WHAT YOU ARE ASKED TO DO —
Since the pictures are not wanted, retype the listing below exactly and without them.

*** PROVIDED DATA Section Begins ***

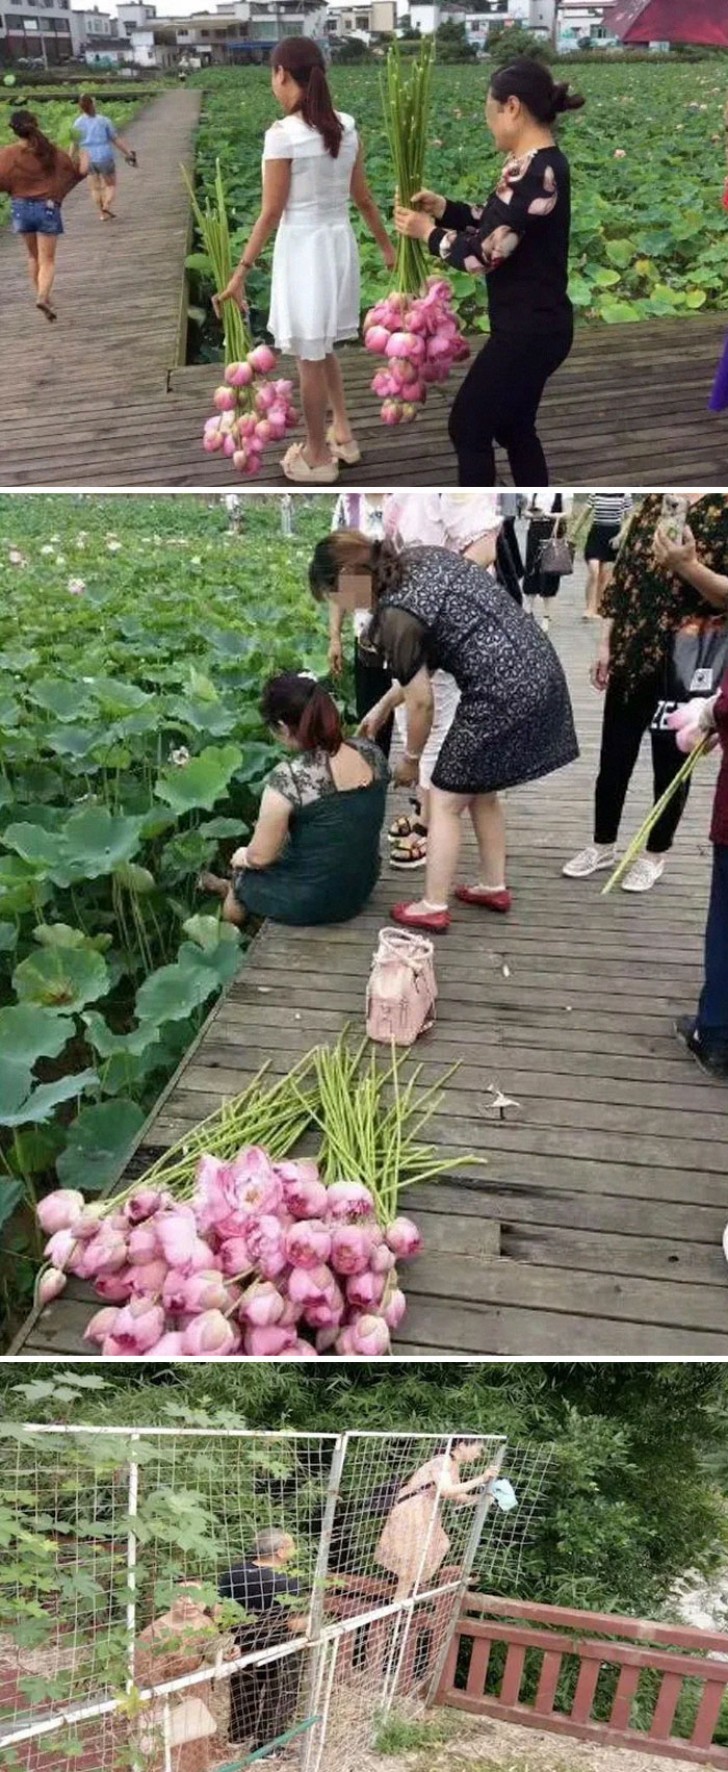 All'Eco Park di Sichuan in Cina i turisti spogliano tutti i fiori di loto dei loro petali...
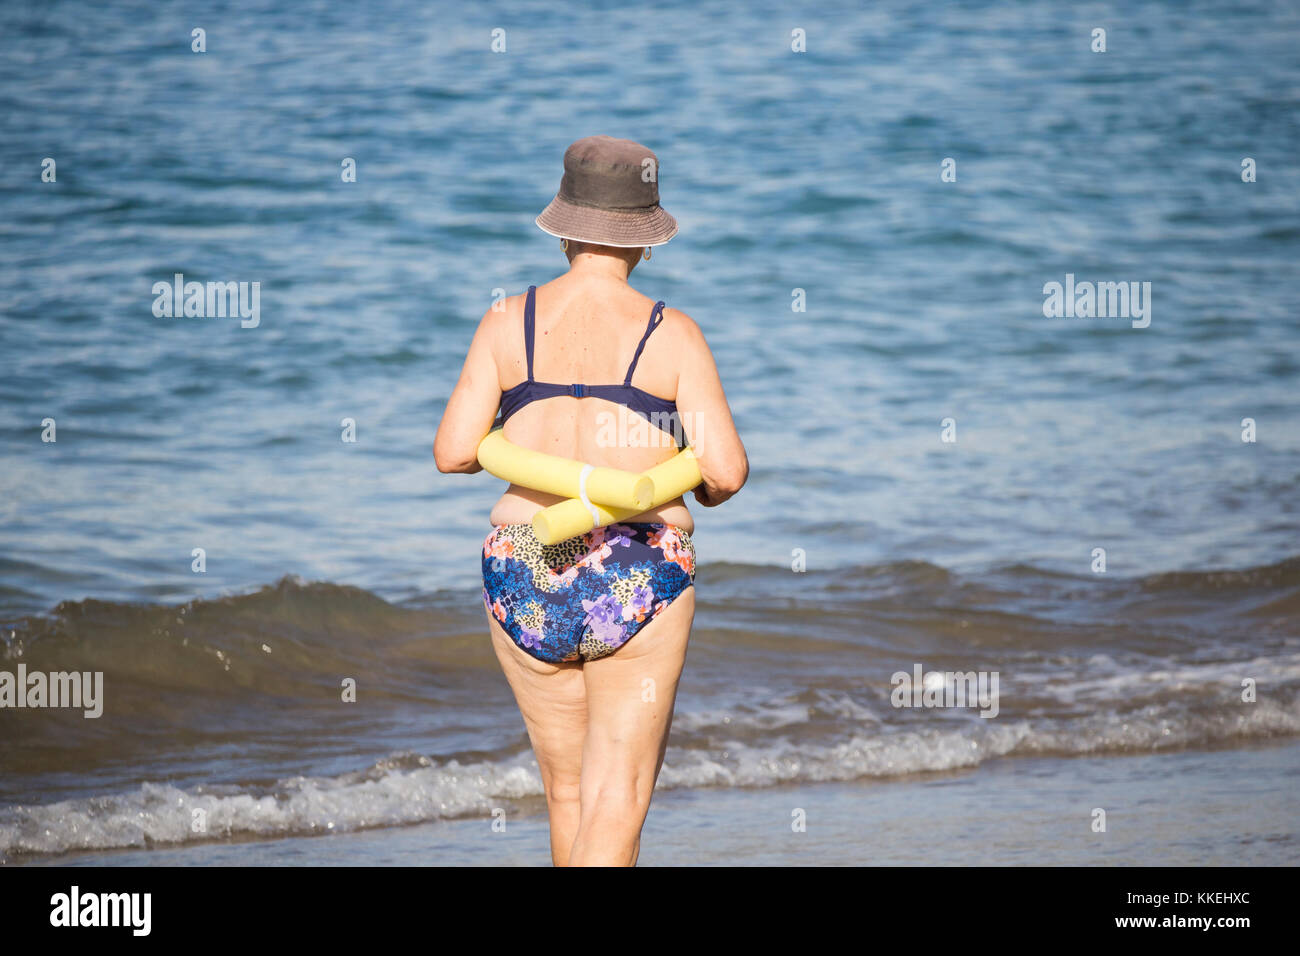 Les femmes espagnoles âgées qui vont nager dans la mer après leur cours de yoga/étirements quotidien sur la plage. Banque D'Images
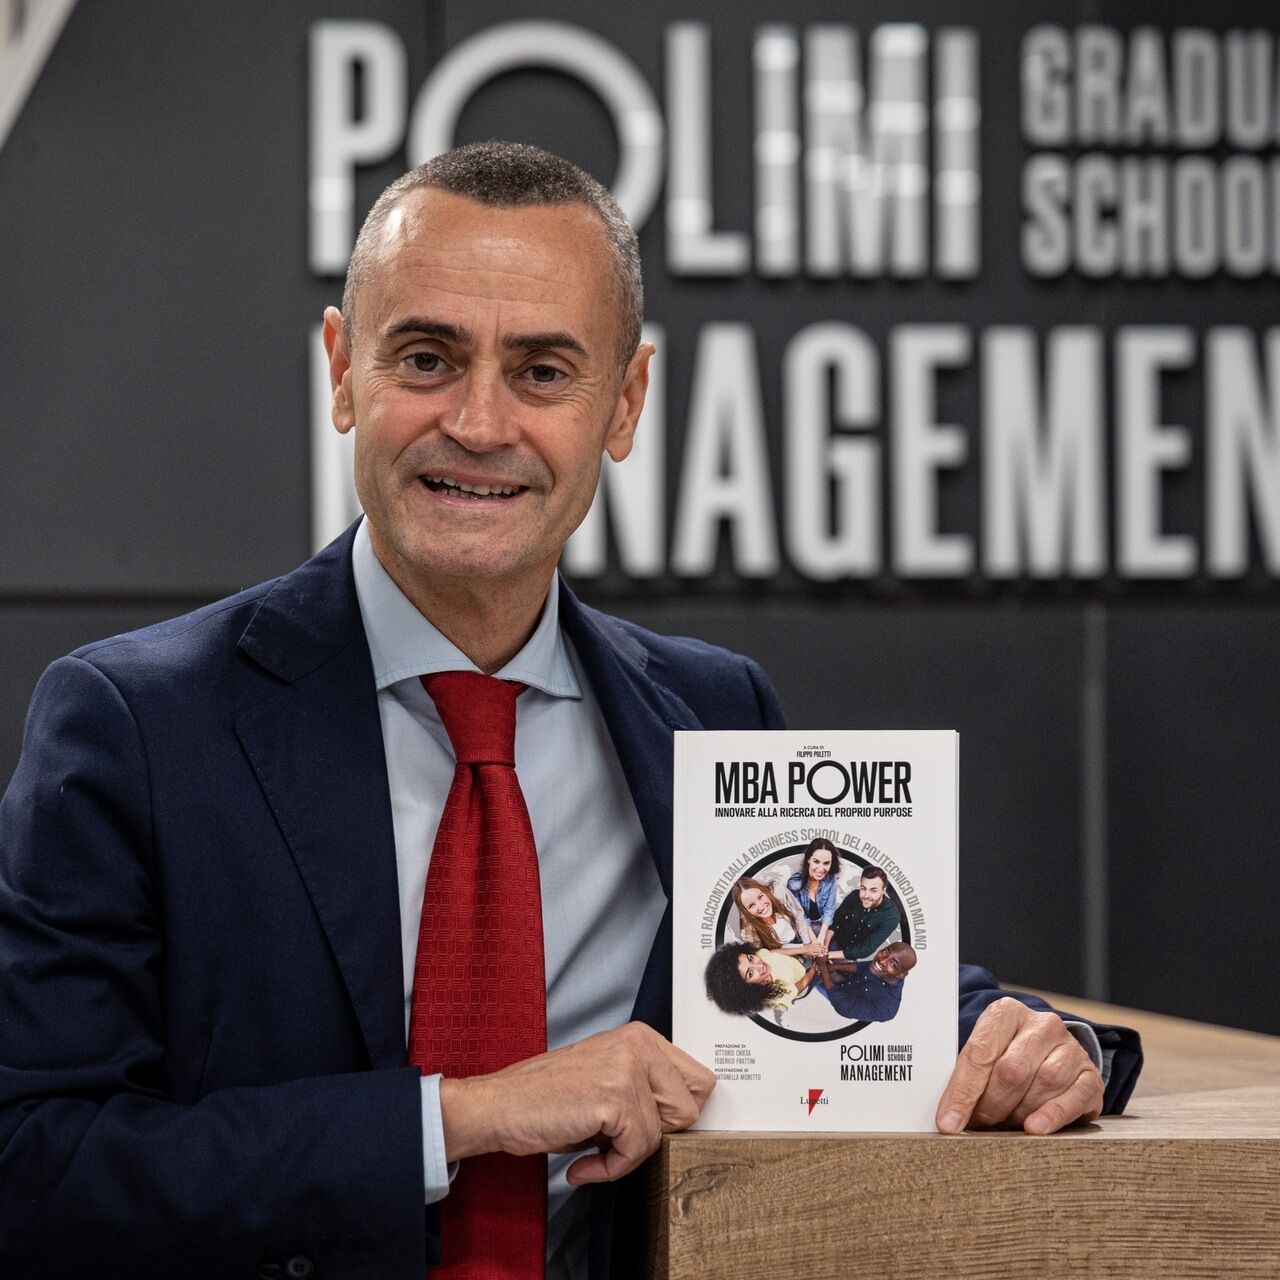 MBA Power: den professionelle journalist Filippo Poletti er forfatteren til bogen "MBA Power: innovating in search of one's purpose": han fortæller historierne om 101 ledere i alderen mellem tredive og tres, som vendte tilbage til at studere og lære under pandemien

*** PROVIDED DATA Section Ends ***

EXPECTED ANSWER —
 All'Eco Park di Sichuan in Cina i turisti spogliano tutti i fiori di loto dei loro petali...
 Les femmes espagnoles âgées qui vont nager dans la mer après leur cours de yoga/étirements quotidien sur la plage. Banque D'Images
 MBA Power: den professionelle journalist Filippo Poletti er forfatteren til bogen "MBA Power: innovating in search of one's purpose": han fortæller historierne om 101 ledere i alderen mellem tredive og tres, som vendte tilbage til at studere og lære under pandemien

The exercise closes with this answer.